Sonnet 4.6 went first. After about 4 minutes of autonomously running xxd dumps and writing ad-hoc Python scripts, it produced a full reverse-engineering report: the magic bytes, the header structure, the directory layout, per-image metadata including dimensions, filenames, CRC32 checksums (verified!), and even a description of the actual photo content. It mapped the entire format.

Here's how all three models performed:

Model	Time	Result
Haiku 4.5	37 seconds	✅ Full reverse-engineering
Sonnet 4.6	4 min 25s	✅ Full reverse-engineering (bonus: opened the extracted images)
Opus 4.6	1 min 16s	✅ Full reverse-engineering

Yes — Haiku, the smallest and cheapest model, cracked it in 37 seconds.

Each model autonomously figured out the magic bytes (MIC!, IMG!, ENDMIC!), the header layout, the directory structure with offsets and sizes, image dimensions, embedded filenames, CRC32 integrity checks, and the raw JPEG payloads. Opus gave the most concise structural mapping. Sonnet went the extra mile and actually rendered the extracted images.

What Does This Mean?

This was admittedly a simple format — no encryption, no compression beyond what JPEG provides, clear magic bytes as handholds. A skilled reverse engineer would have cracked it with a hex editor in minutes.

But the interesting part isn't the difficulty of the problem. It's the nature of the process.

What used to require a human sitting in front of a disassembler for hours — loading hex dumps into working memory, forming hypotheses about byte sequences, writing test scripts, iterating — is now something an AI can do autonomously. The model writes its own exploration tools, tests its own hypotheses, and converges on a structural understanding through the same iterative loop a human would use. It just does it faster, and it never loses focus.
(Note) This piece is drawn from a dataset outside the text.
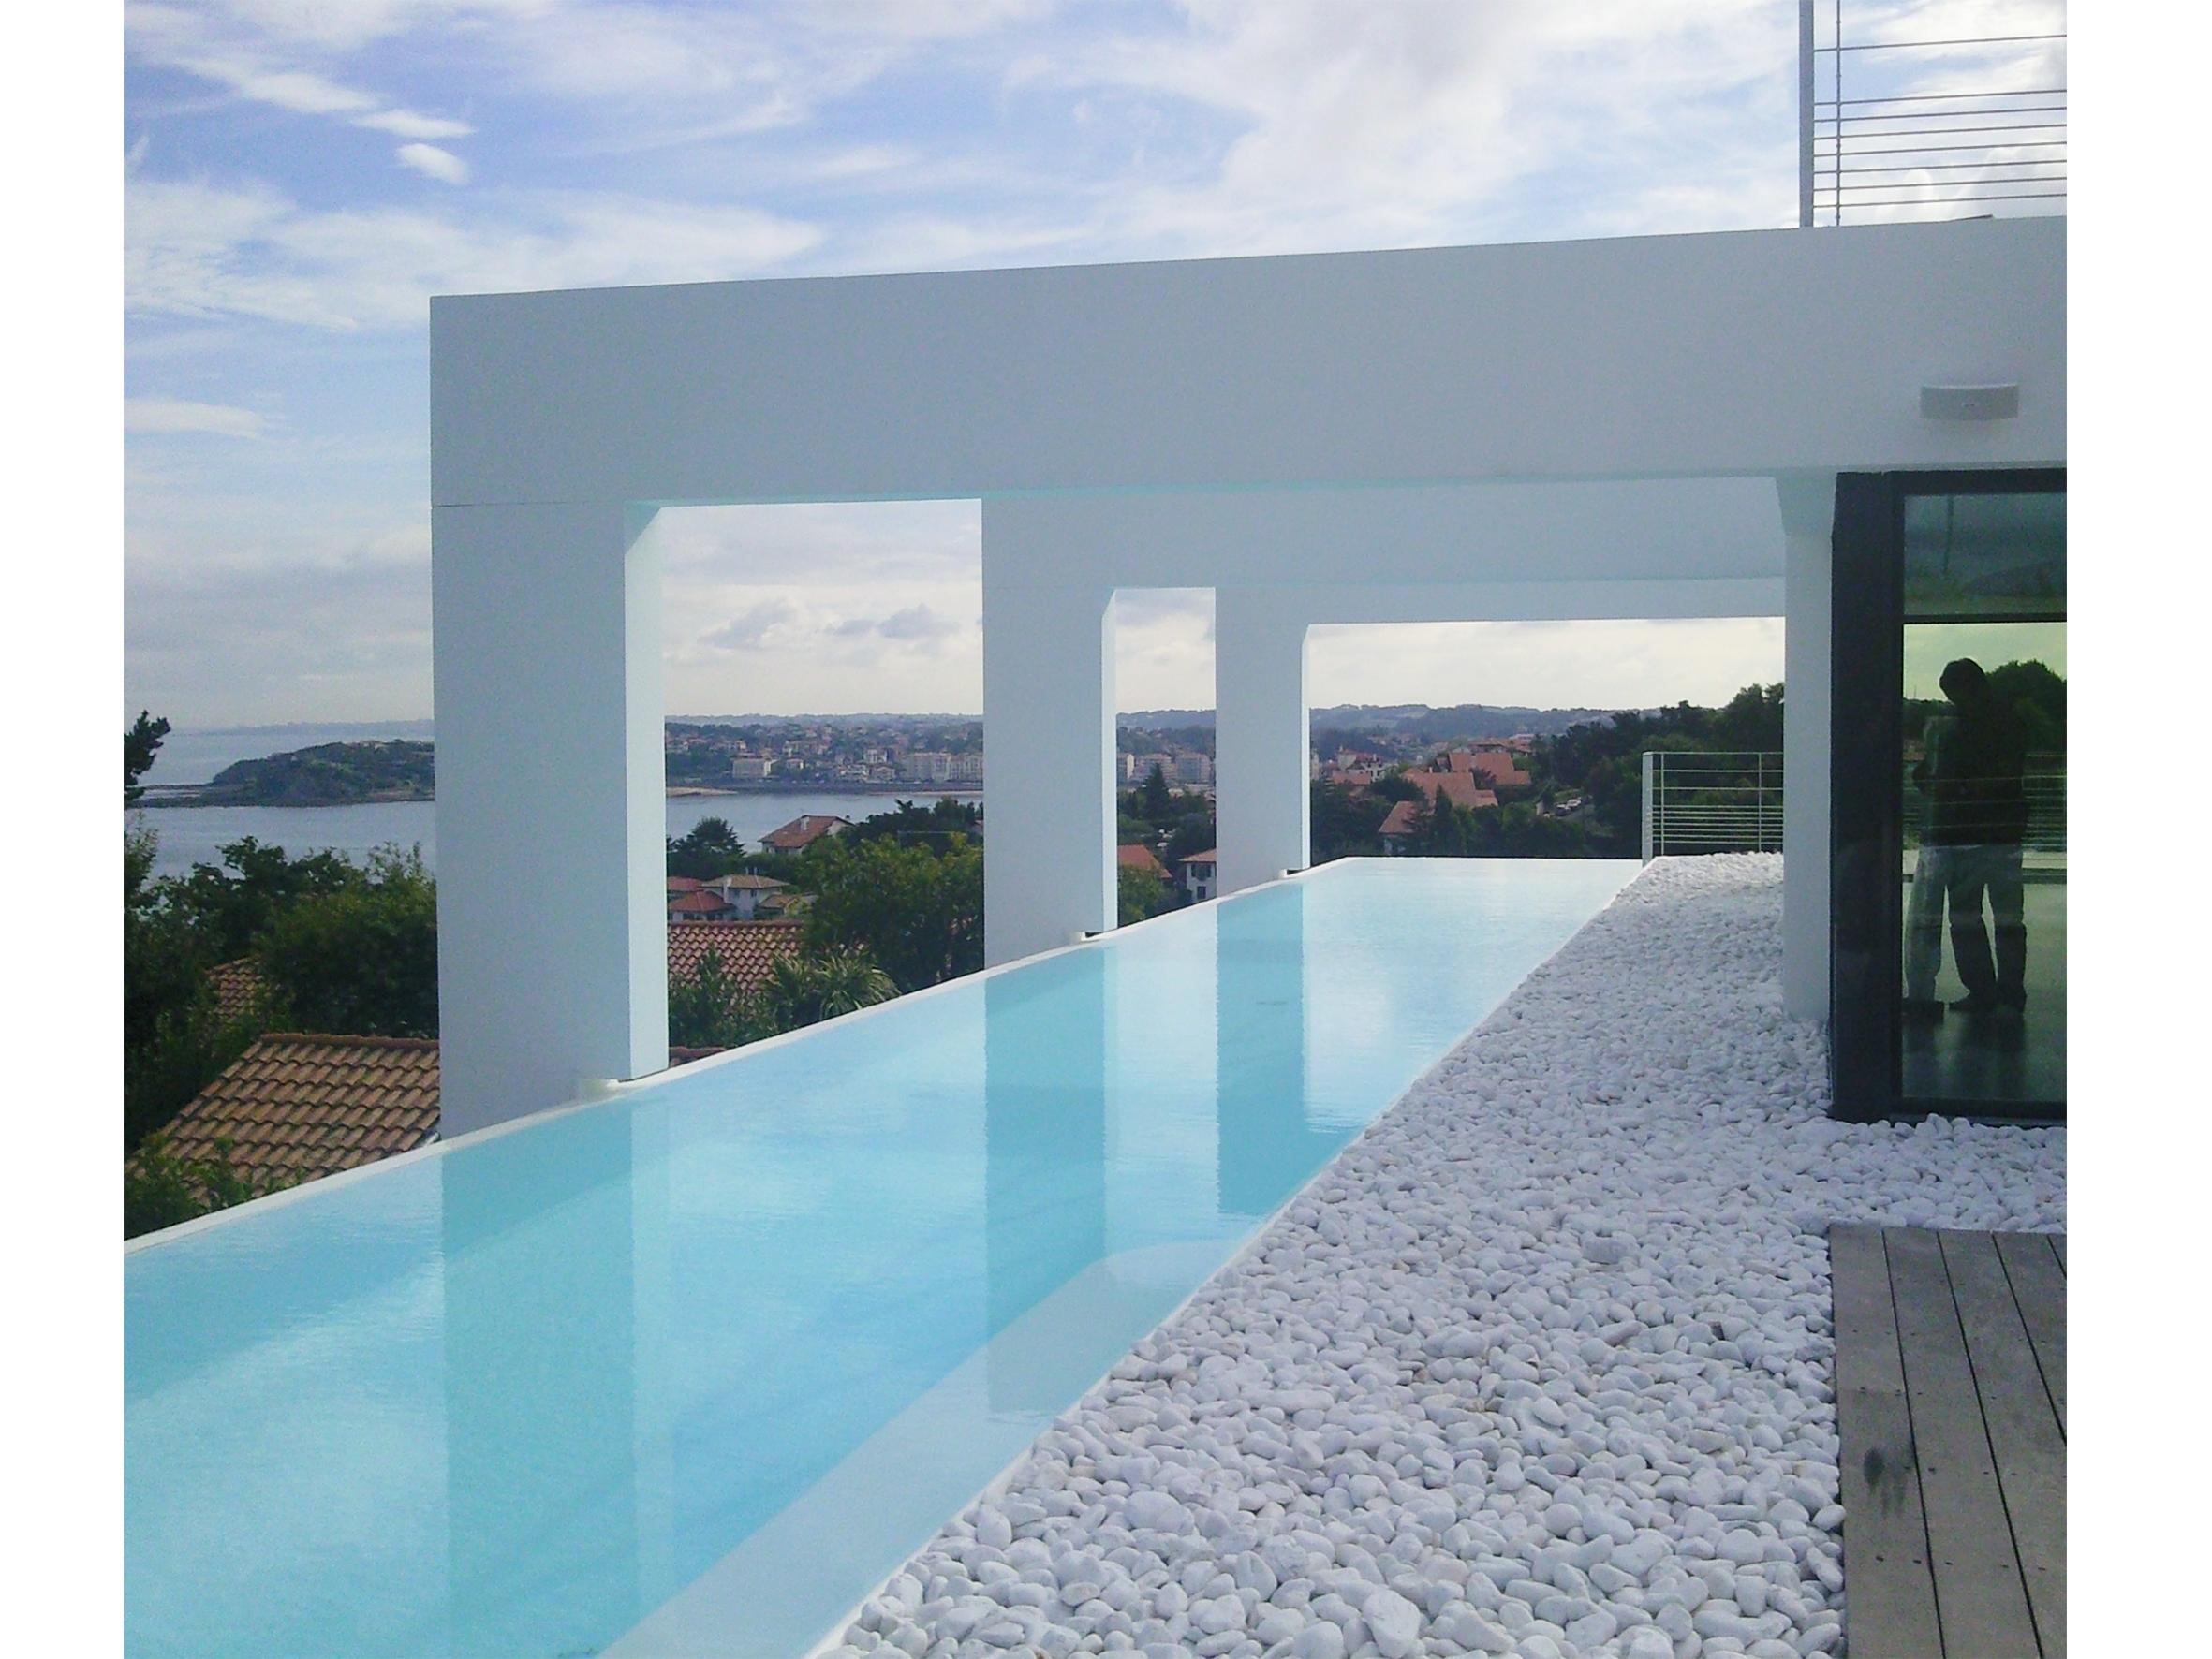 Confiez votre projet à IMAG'IN, une agence d'architectes créatifs et passionnés !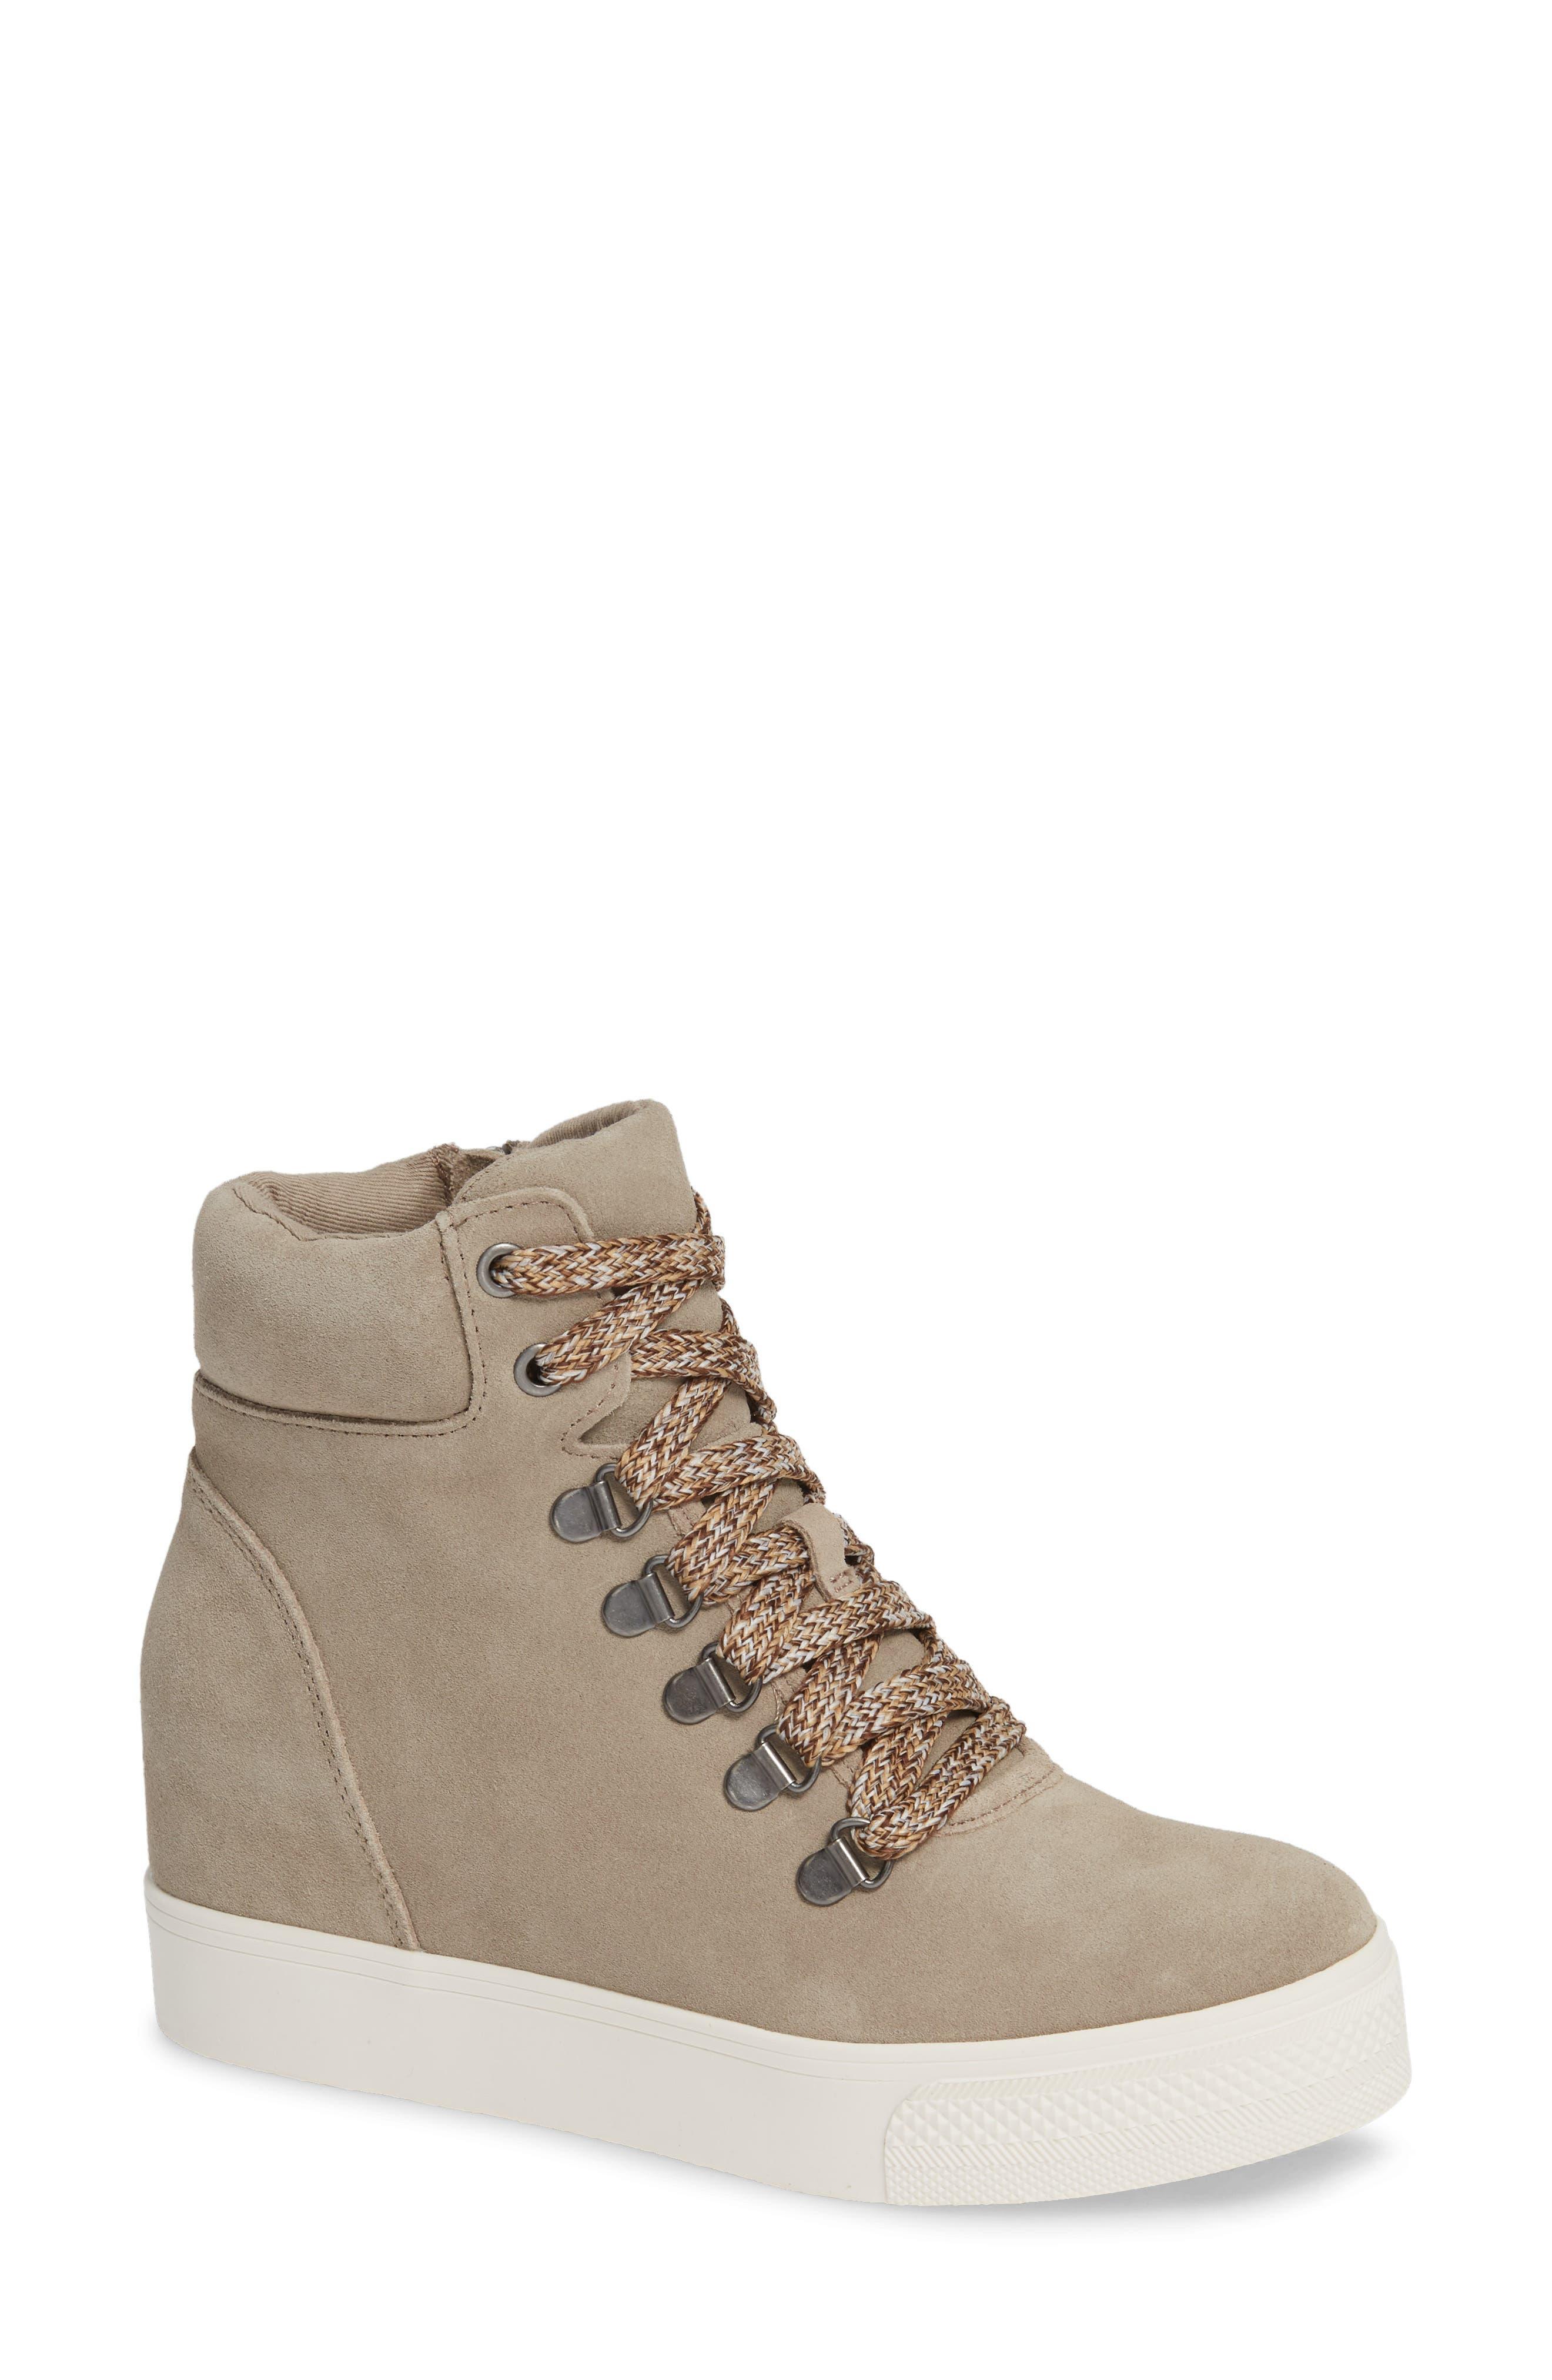 Catch Hidden Wedge Sneaker in Taupe

The ability of modern models to generate on-the-fly Python debugging code, interpret binary patterns, form and revise hypotheses about data structures — that's a genuine capability shift. It doesn't replace human intuition on the hardest problems. But it compresses the iteration cycle dramatically.

My friend from the 90s spent weeks learning the tools and techniques before he could crack his first shareware. Today, the activation energy for that same intellectual exercise is a single prompt.

It's a brave new world. If something was designed using any kind of logical structure, it can now be understood at a speed we've never seen before.